Byung-Chul Han y el retroceso ante lo real

Respuesta a “La emergencia viral y el mundo de mañana”,
artículo de Byung-Chul Han aparecido en el diario El País el 22/03/2020.

por Esteban Montenegro y Francisco Mazzucco

Byung-Chul Han es un gran paisajista. Pinta interesantes cuadros de nuestra época. Le va muy bien, efectivamente, cuando trata los temas a distancia y puede subsumir los detalles en grandes conceptos marco que ofrecen una seducción explicativa al lector.

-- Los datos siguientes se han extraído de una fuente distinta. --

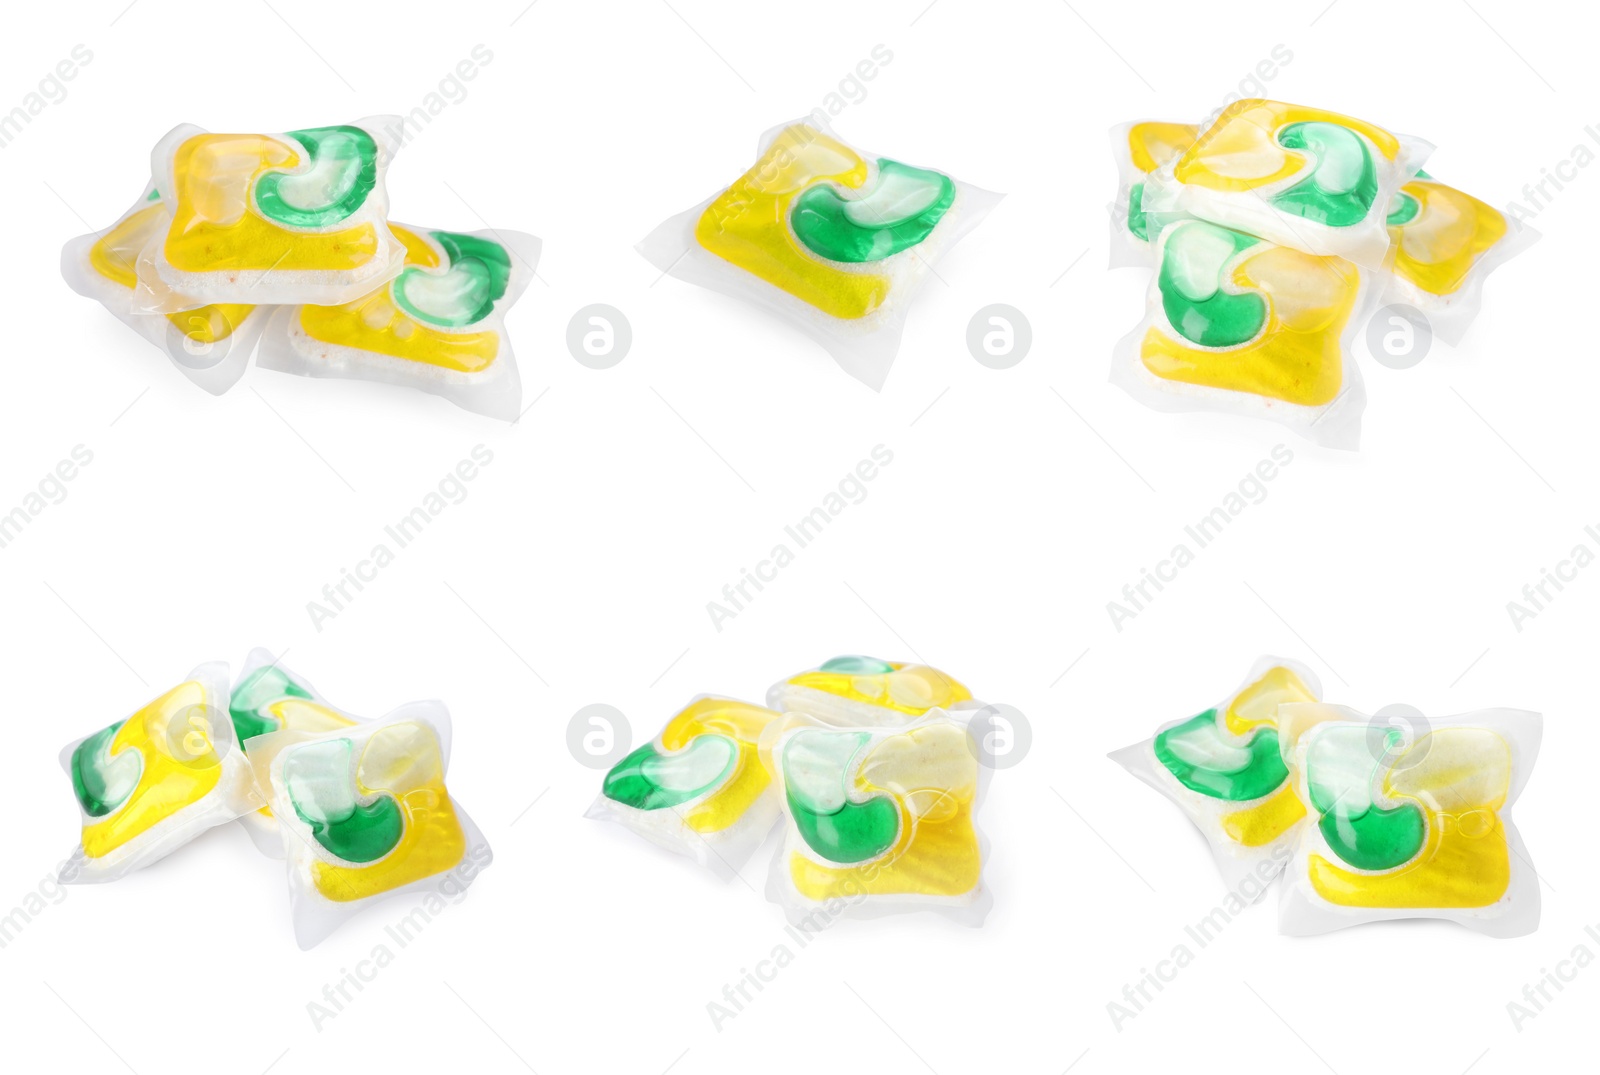 Image of Set with dishwasher detergent gel capsules on white background

Pero ante la irrupción de lo real y la necesidad de imbuir sus originales caracterizaciones sociológicas de sustancia filosófico-política, el autor muestra la tela de la que está hecho. Por algo es aplaudido en Occidente: ¿a qué época no le gusta que le hablen de sí misma y le cuenten todo acerca de sí? ¿y qué mejor para la falsa conciencia liberal occidental que esta aproximación se diga «crítica»?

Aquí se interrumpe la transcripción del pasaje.